Find the line containing "虾壳社 现货日本SO-TA扭蛋 仿真鸟类模型摆件 麻雀 野生动物 翠鸟", then return it and every line after it through the end of the records, exactly. Leave out pictures.

Extracted records
* * * * * * *
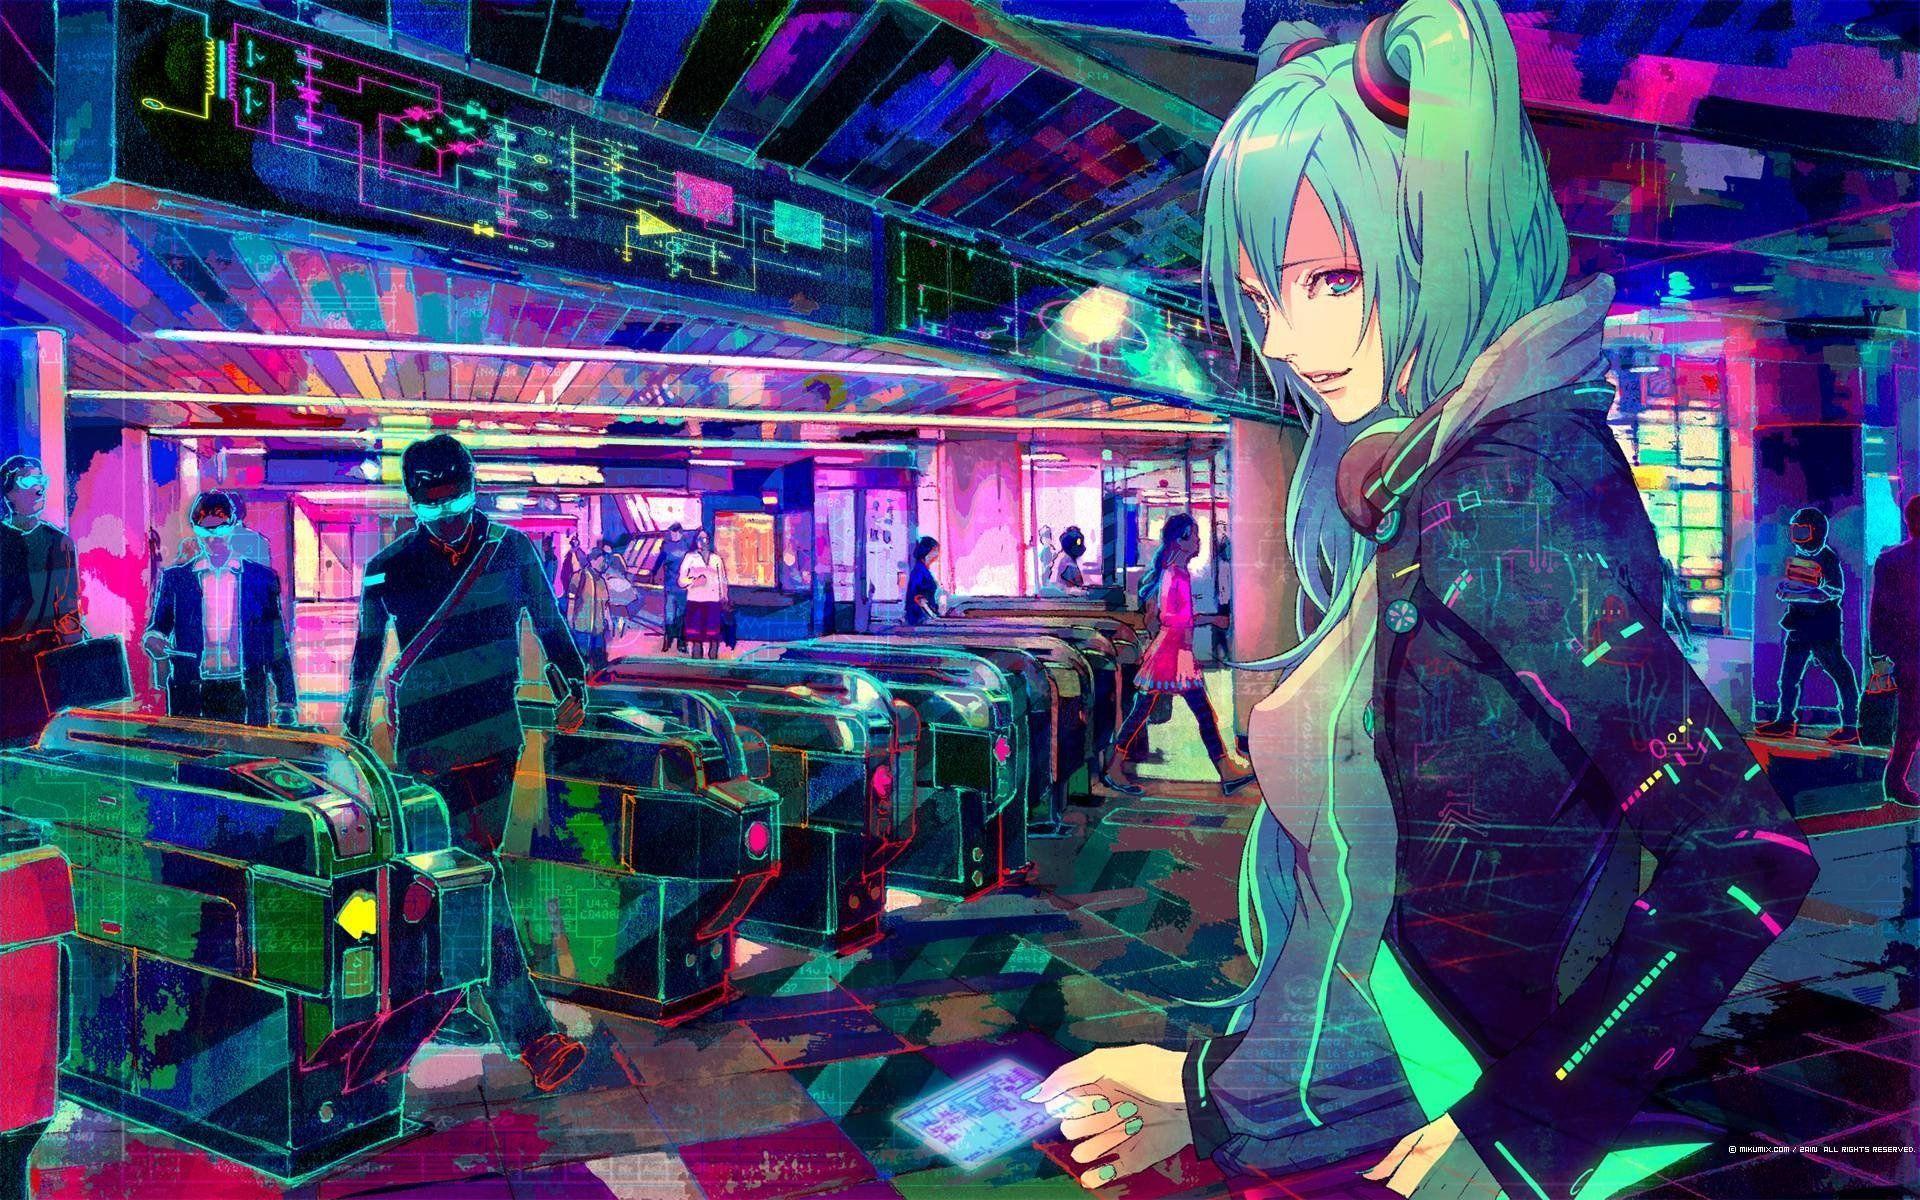 Aesthetic Cyberpunk Girl Desktop Wallpaper - Cyberpunk Wallpaper
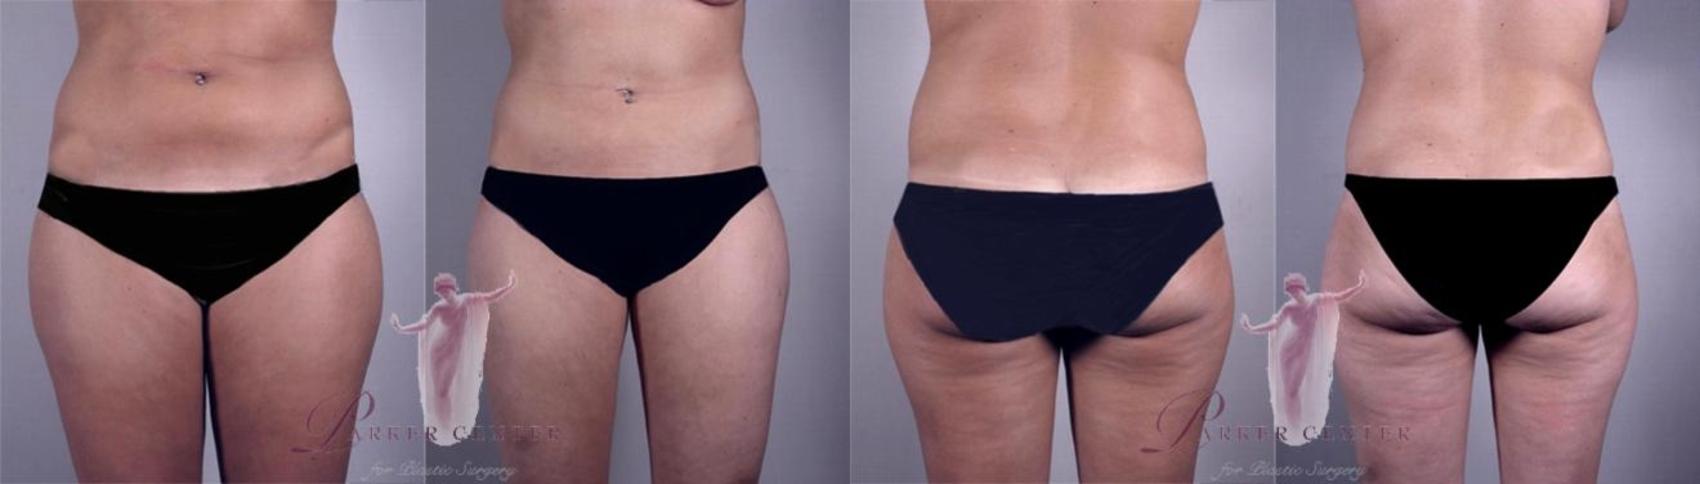 Liposuction Case 1155 Before & After Front | Paramus, NJ | Parker Center for Plastic Surgery
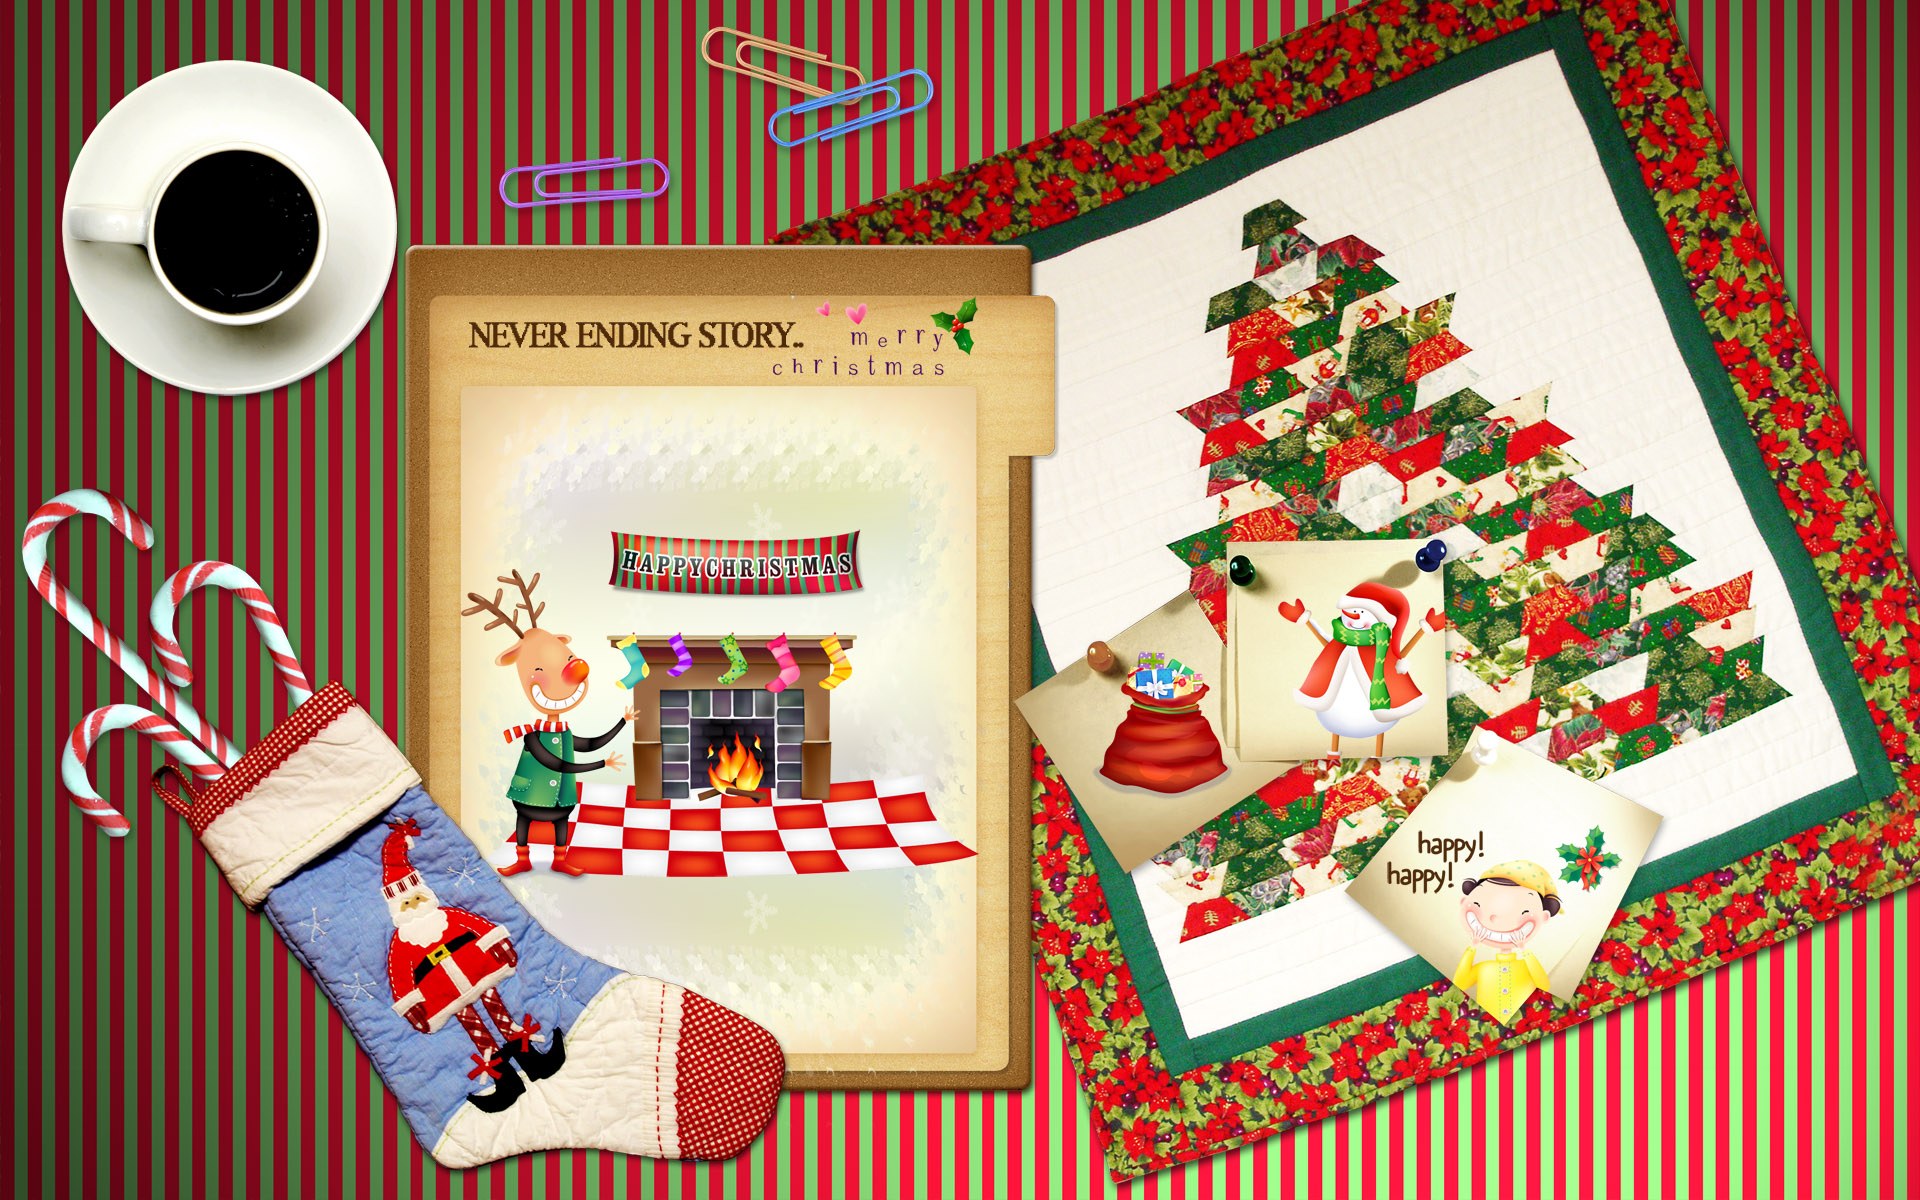 壁纸1920x1200可爱温馨圣诞插画宽屏壁纸 壁纸15壁纸 可爱温馨圣诞插画宽屏壁纸 可爱温馨圣诞插画宽屏图片 可爱温馨圣诞插画宽屏素材 系统壁纸 系统图库 系统图片素材桌面壁纸
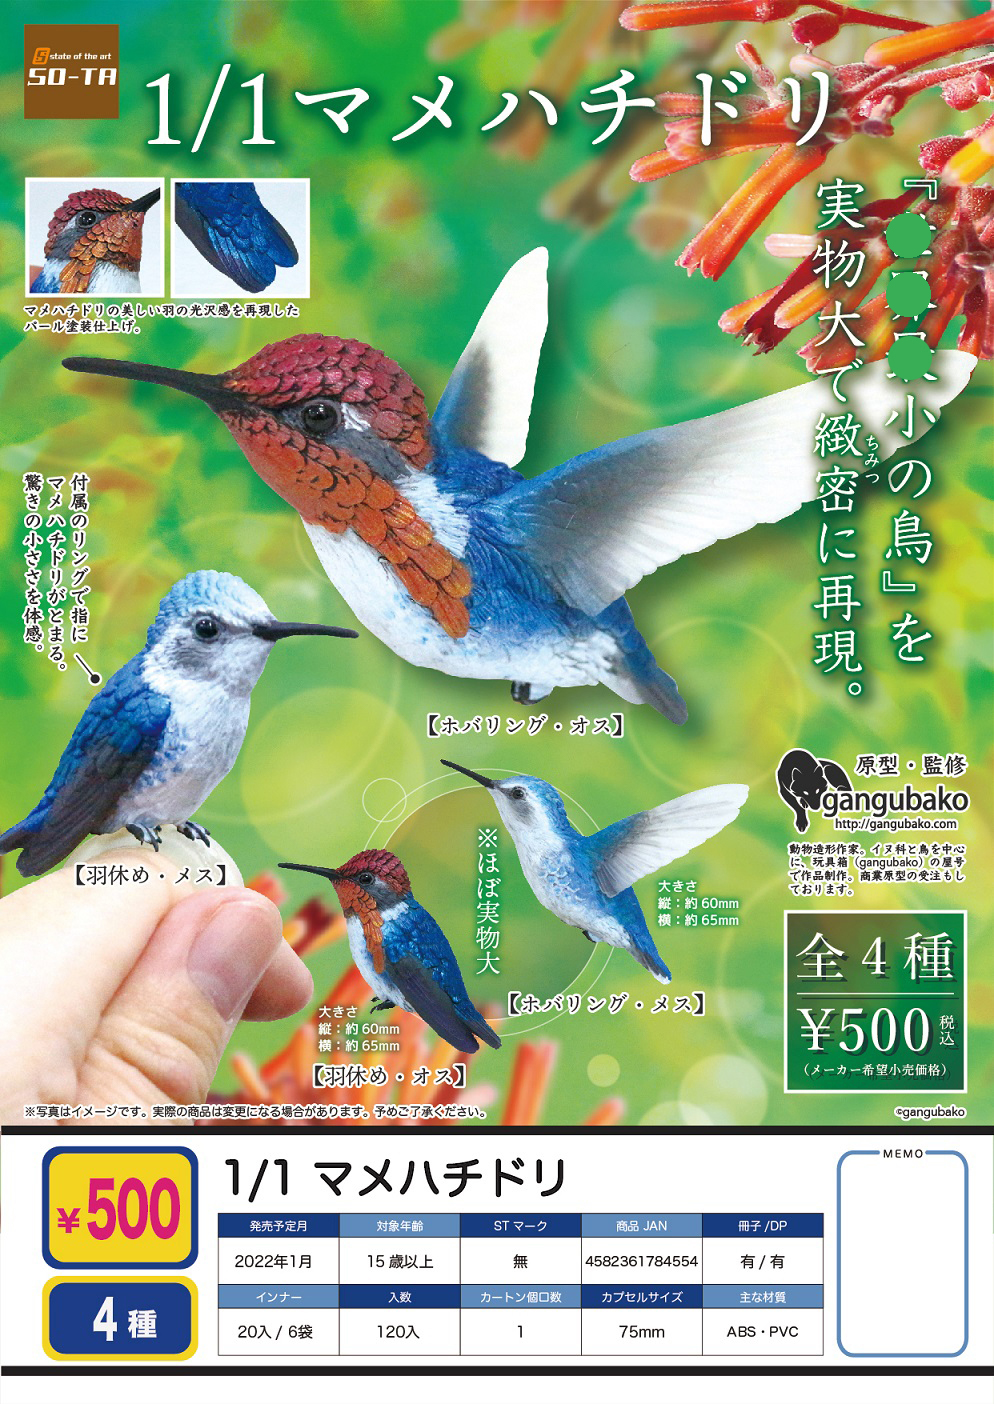 虾壳社 现货日本SO-TA扭蛋 仿真鸟类模型摆件 麻雀 野生动物 翠鸟
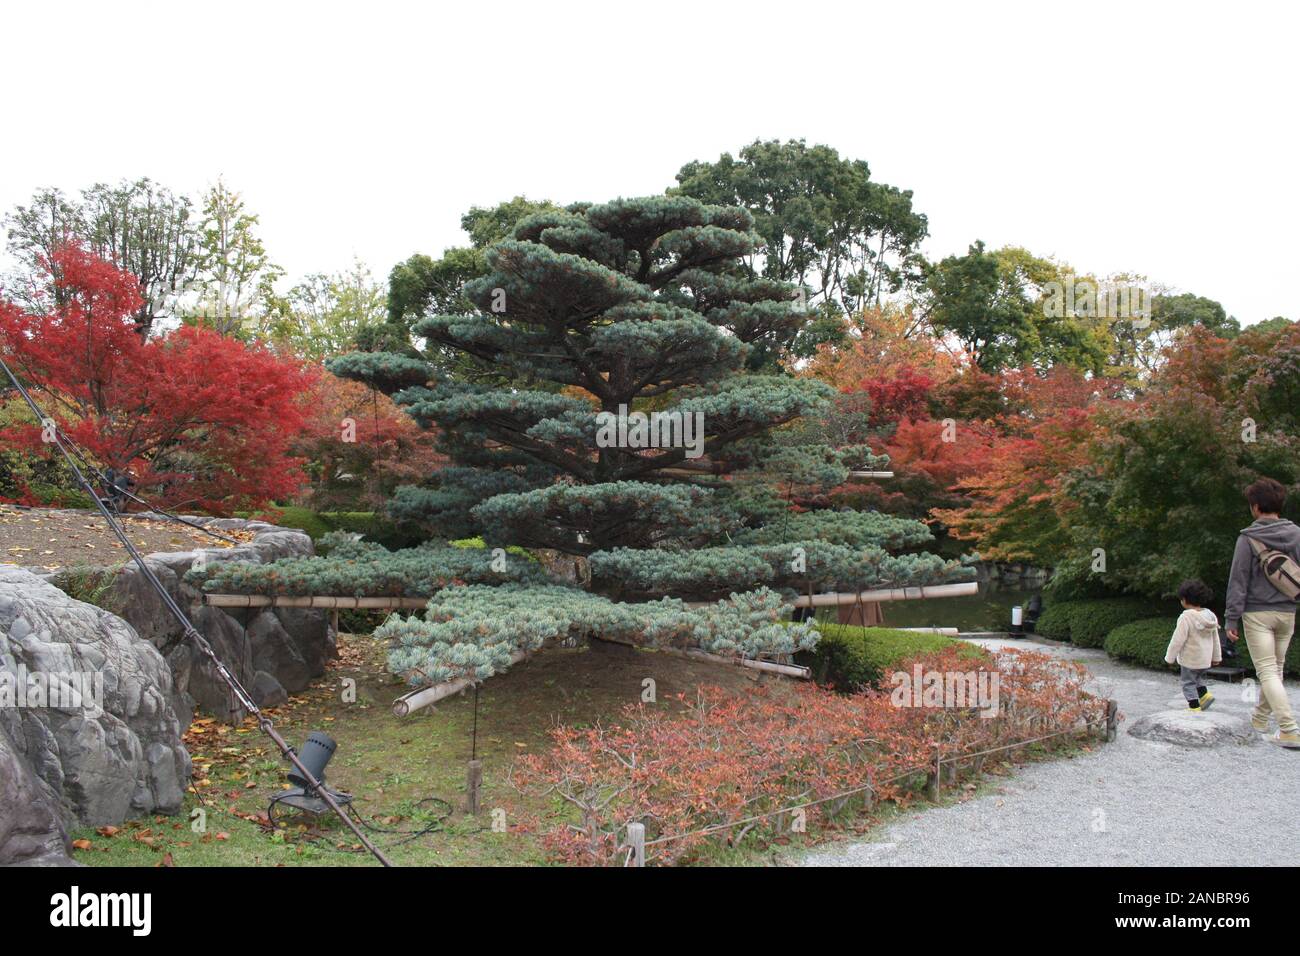 Japanese pine tree, Toji Temple, Kyoto, Japan Stock Photo
* * * * * * *
Output for this task:
 虾壳社 现货日本SO-TA扭蛋 仿真鸟类模型摆件 麻雀 野生动物 翠鸟
 Japanese pine tree, Toji Temple, Kyoto, Japan Stock Photo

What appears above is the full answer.